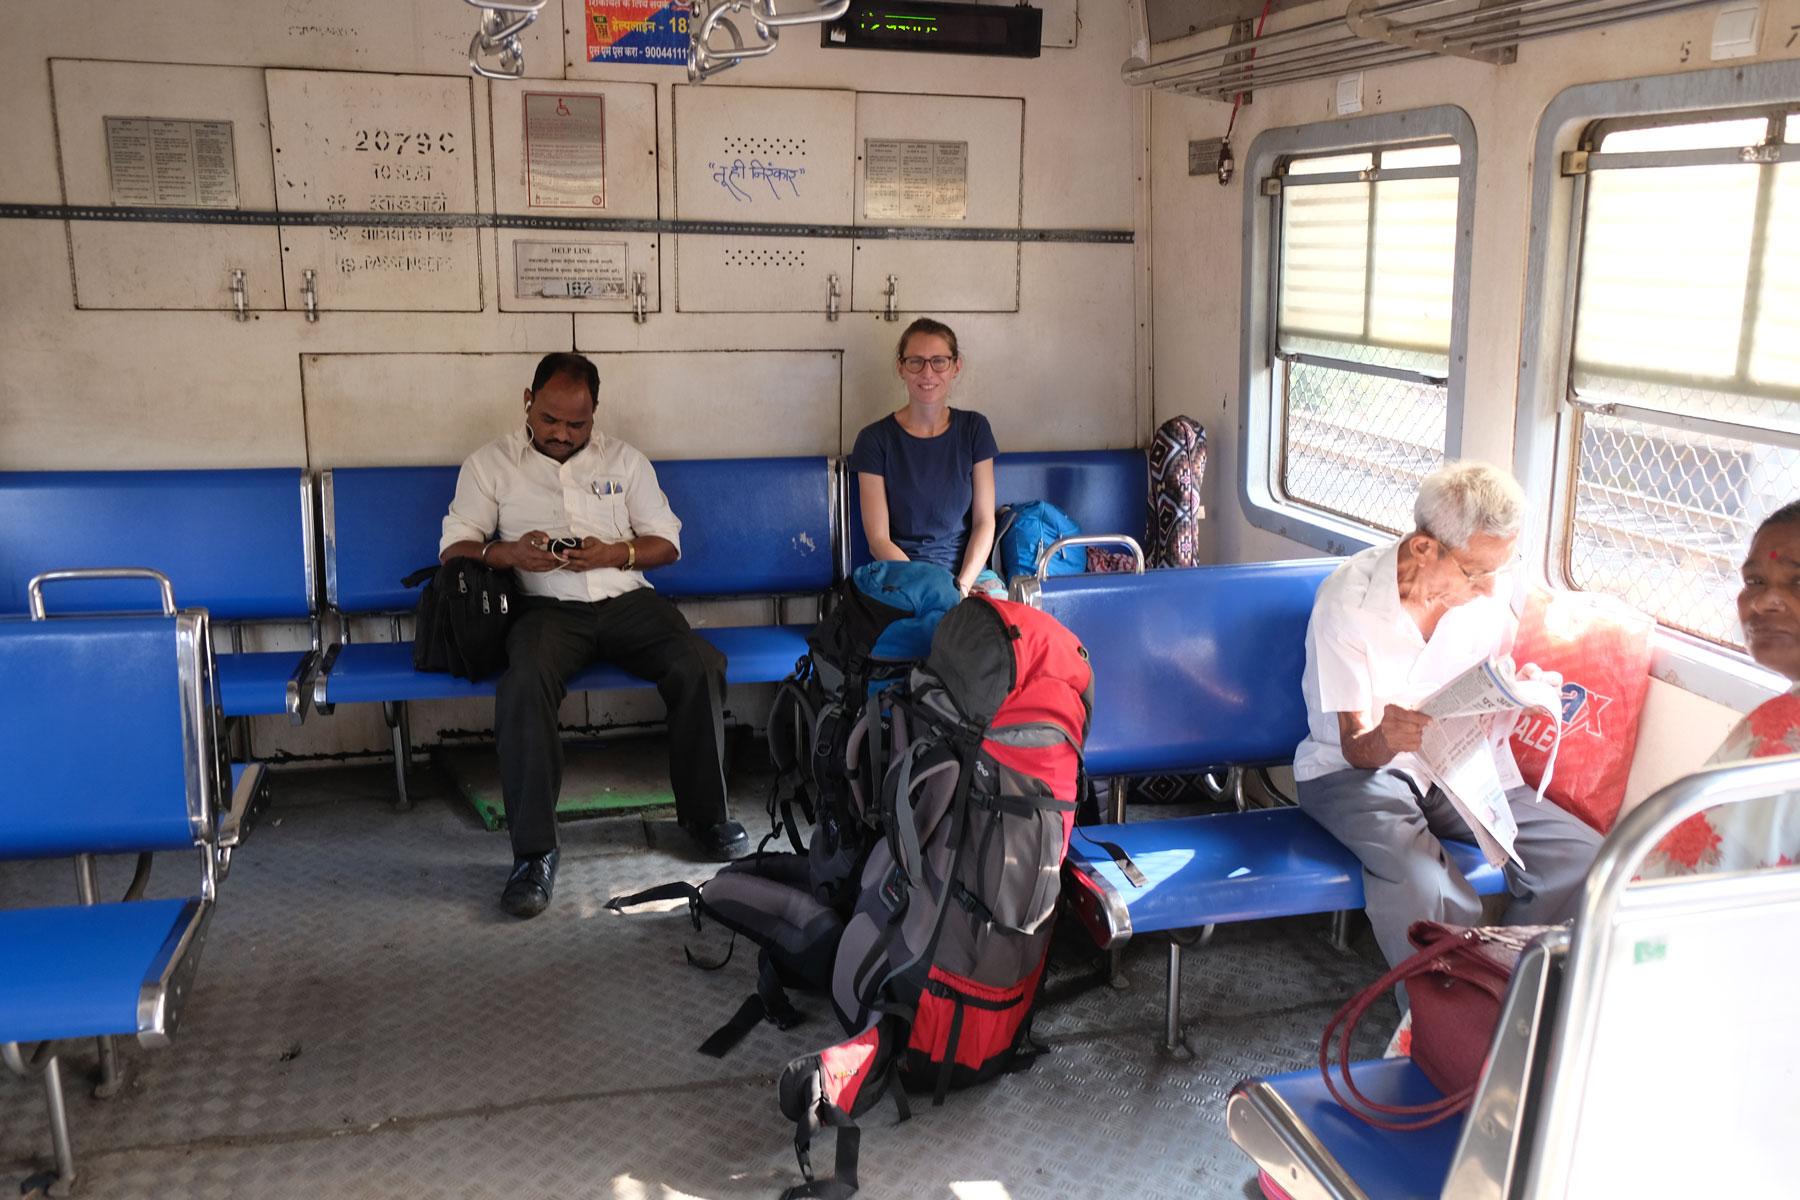 Leo mit Gepäck in einem Zug in Mumbai.
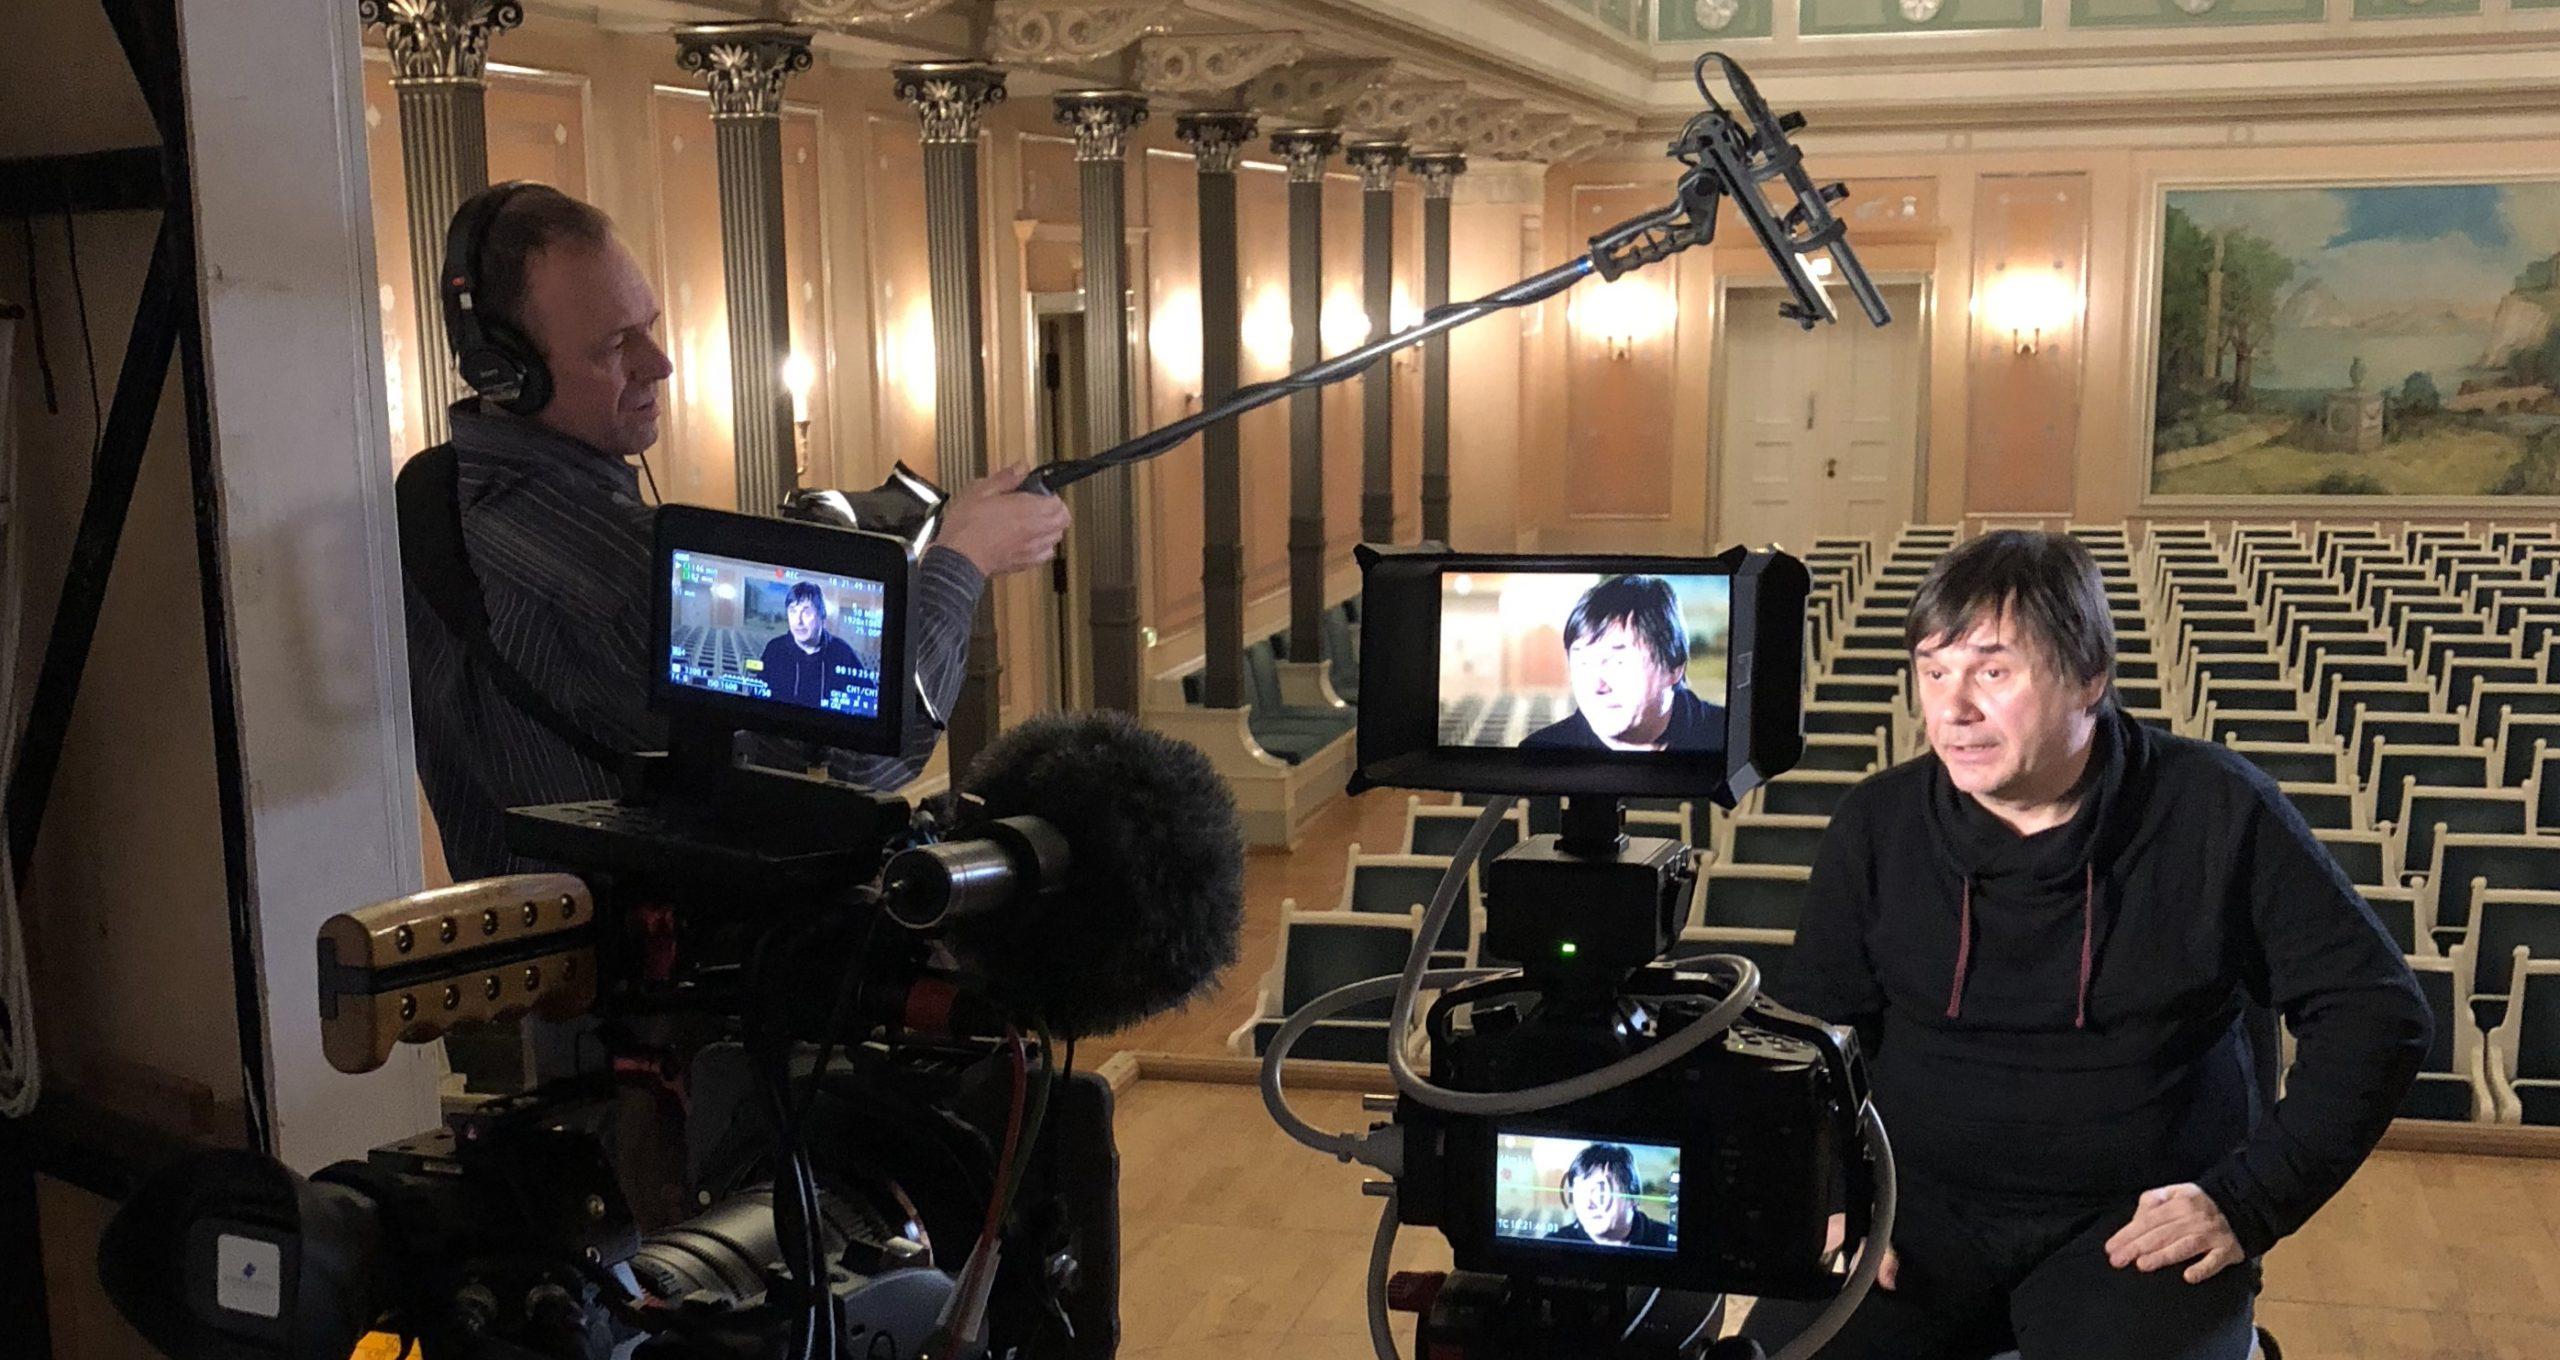 Dreharbeiten im Konzerthaus Berlin/Altenburger Film
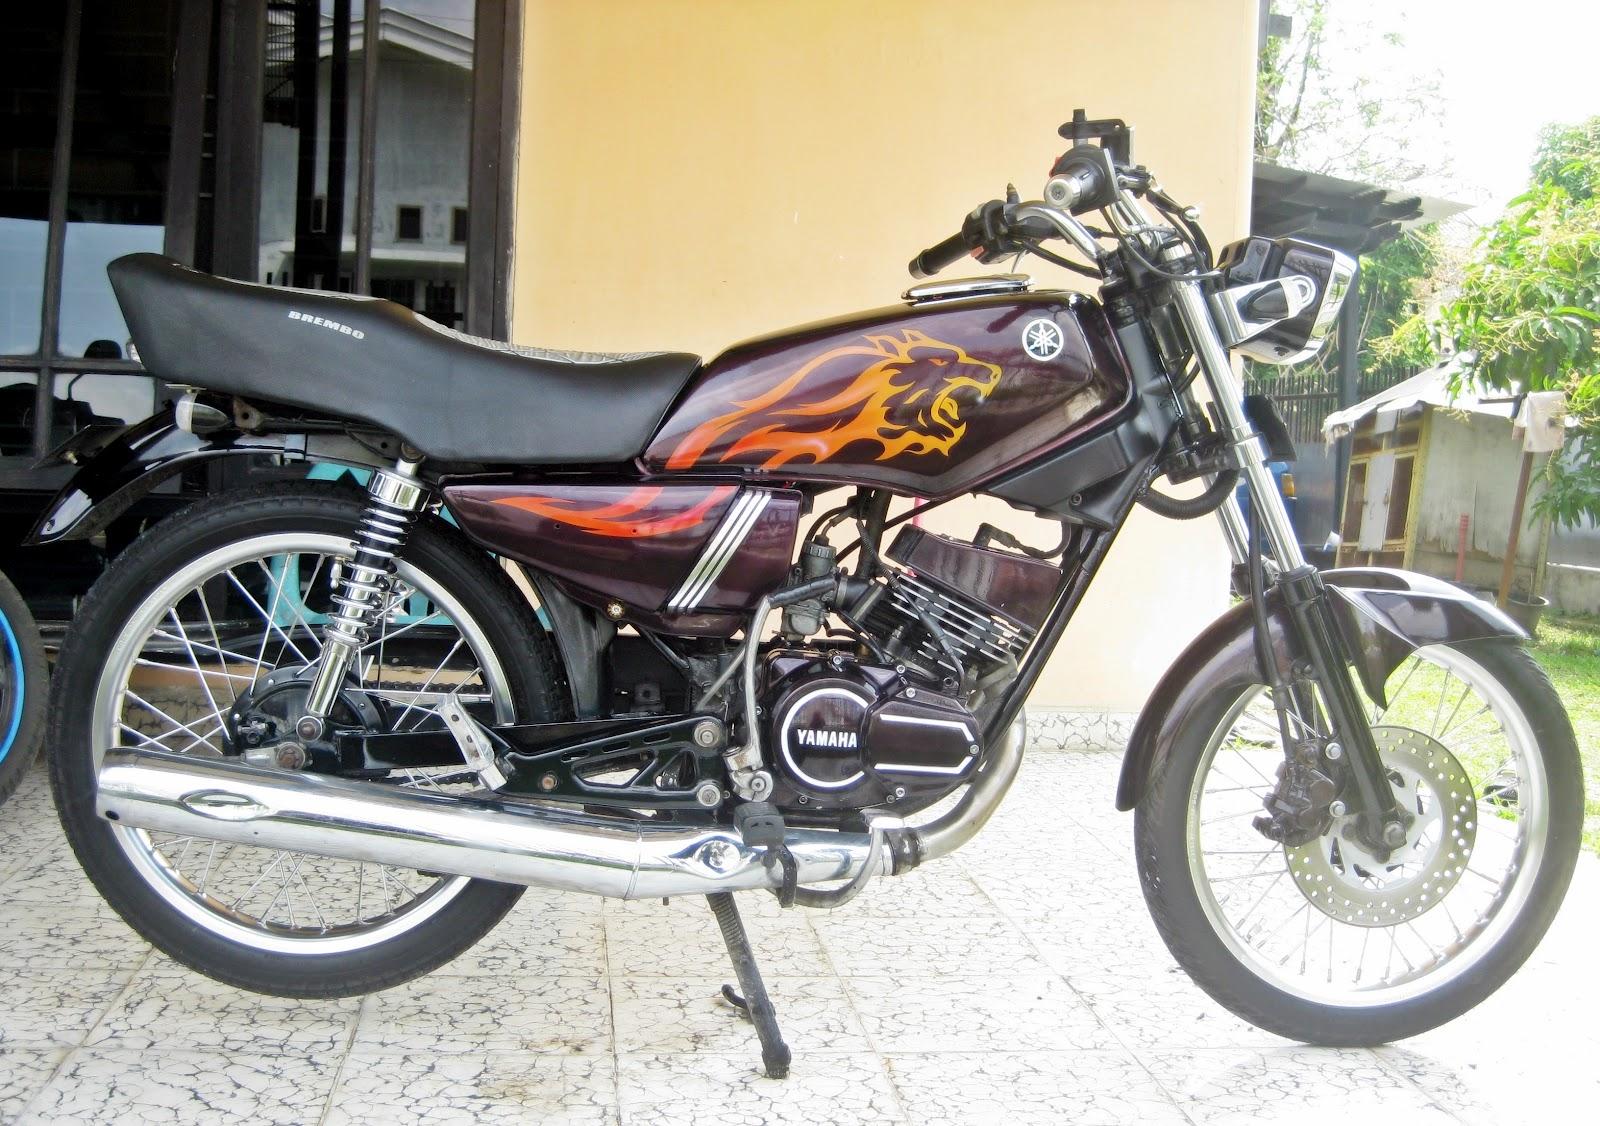 http://3.bp.blogspot.com/-MQ3V_wymF9Q/T_Tk57cweZI/AAAAAAAAAHA/WM4xJai74dc/s1600/%5BDHIFA%5D+Sepeda+Motor+RX+KING.jpg
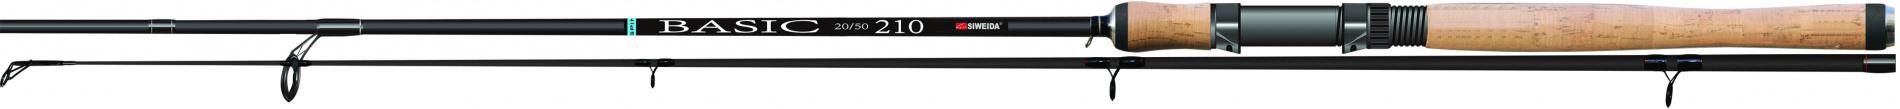 Спиннинг шт. SWD BASIC 2,4м карбон IM6 (5-20г)Спинниги<br>Бюджетный штекерный спиннинг длиной 2,4м <br>и тестом 5-20г, выполненный из карбона IM6. <br>Комплектуется качественными пропускными <br>кольцами SIС, современным катушкодержателем. <br>Рукоять спиннинга изготовлена из пробки. <br>Несмотря на не высокую цену, спиннинг обладает <br>быстрым строем, имеет небольшой вес и высокую <br>прочность. Рекомендуется использовать <br>при ловле хищника, как с берега, так и с лодки.<br>

════

* [Your goal] Copy each line above exactly. Images do not belong in the copy.

* [Written reply]
 Leo mit Gepäck in einem Zug in Mumbai.
 Dreharbeiten im Konzerthaus Berlin/Altenburger Film
 http://3.bp.blogspot.com/-MQ3V_wymF9Q/T_Tk57cweZI/AAAAAAAAAHA/WM4xJai74dc/s1600/%5BDHIFA%5D+Sepeda+Motor+RX+KING.jpg
 Спиннинг шт. SWD BASIC 2,4м карбон IM6 (5-20г)Спинниги<br>Бюджетный штекерный спиннинг длиной 2,4м <br>и тестом 5-20г, выполненный из карбона IM6. <br>Комплектуется качественными пропускными <br>кольцами SIС, современным катушкодержателем. <br>Рукоять спиннинга изготовлена из пробки. <br>Несмотря на не высокую цену, спиннинг обладает <br>быстрым строем, имеет небольшой вес и высокую <br>прочность. Рекомендуется использовать <br>при ловле хищника, как с берега, так и с лодки.<br>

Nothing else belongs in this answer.